On the revenue side, however, we've become much less redistributive, thanks to regressification at the very top. I've plotted the post-tax income concentration over time against the statutory top marginal tax rate below.



The CBO's measure of post-tax income share of the top quintile is on the right axis, and the statutory top marginal income tax rate is on the left axis.




The time trend isn't dispositive, but it is highly suggestive. Post-tax income inequality has gone up as the tax rate has gone down. Piketty and Saez (2006) look at the declining progressivity of the US tax system in more detail and in a comparative context. Their entire body of research is what underlies Saez's argument that we need to get back to talking about tax progressivity.

Crucially, though, that's not because of revenue. Saez's argument, and Piketty's in Capital in the 21st Century, is that we should enact progressive taxes precisely because that would compress the pre-tax income distribution. It's not about increasing the government's revenue, but rather about creating a more egalitarian society. In theory that could be done through redistribution, but if Piketty, Saez, and Stantcheva are correct, the reason for high incomes in the first place is just bargaining power, and society doesn't lose anything by reducing them.
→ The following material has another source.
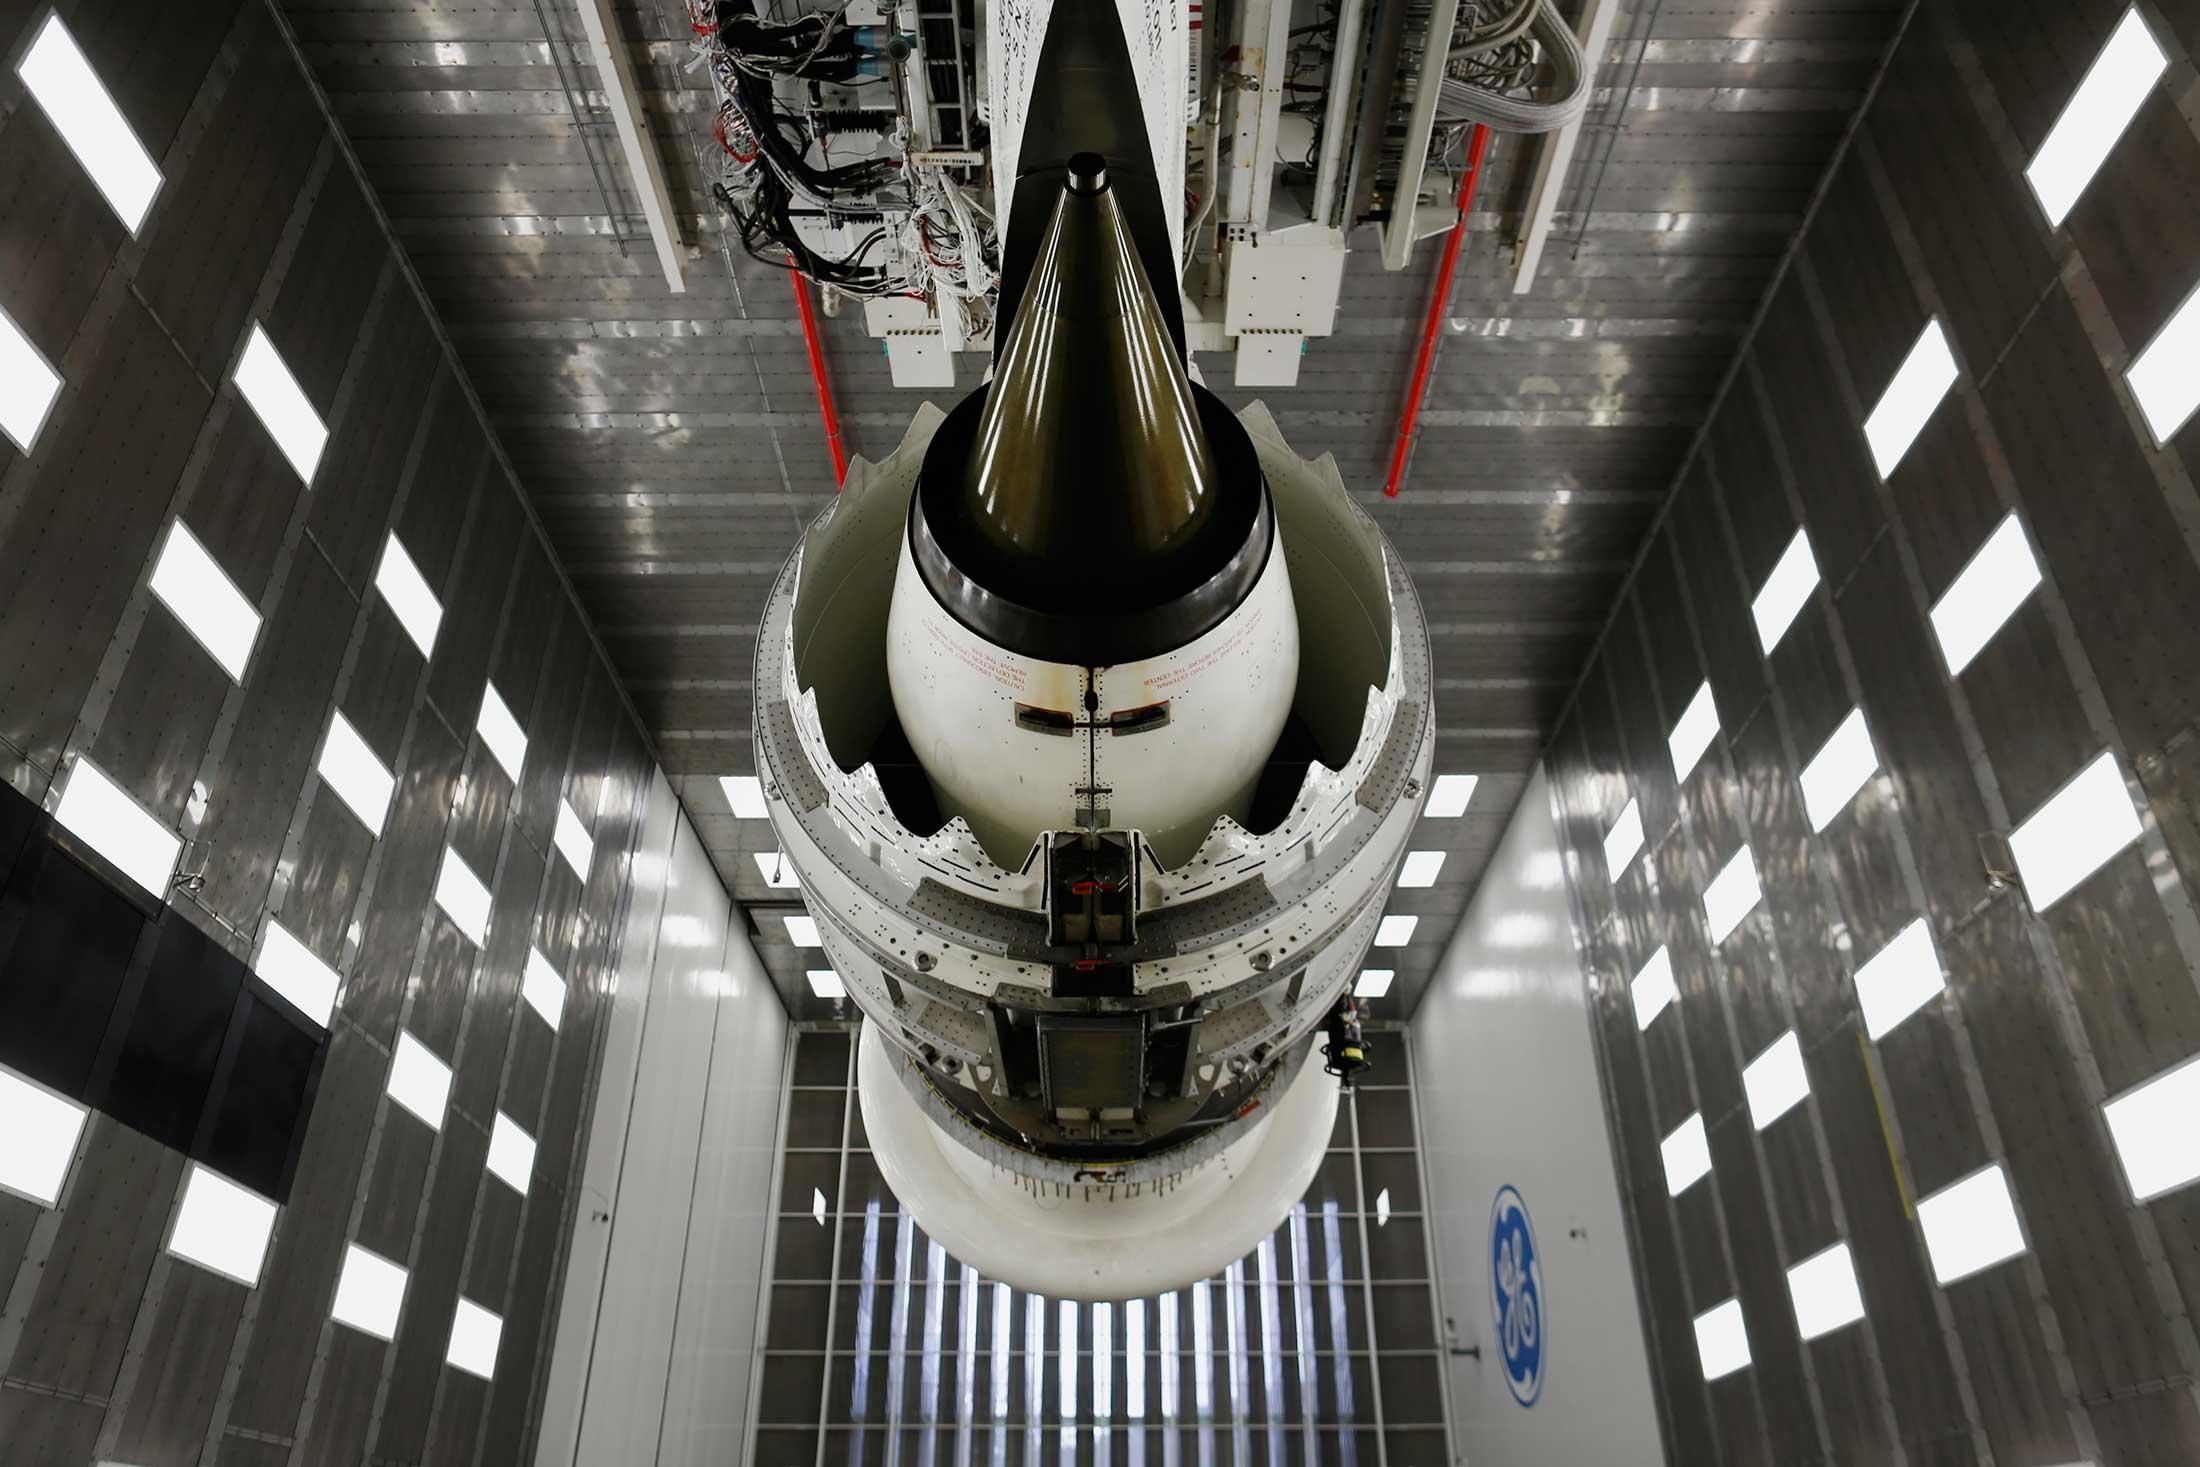 GE Plans $200 Million Rocket City Plants on Jet Engine Surge

When President Obama committed himself not to raise taxes on households earning less than $250,000, some commenters decried the implication that we wouldn't be able to enact an ambitious liberal agenda without a larger tax base. First of all, thanks to tail inequality, the tax base above $250,000 is quite high if you get serious about loopholes and overseas tax havens, as the administration has to some extent. But more importantly, and contra Martin and Hertel-Fernandez, we don't need ambitious redistribution to deal with inequality.

9 comments:

  1. I love the notion that we don't need the wealthiest's money. The Government has plenty and, since it happens to own the printing press, it can make more whenever needed. So if each of the top fifty would pony up say, twenty million each, I will be pleased to host a party to burn it. We need to destroy pre tax income at the top.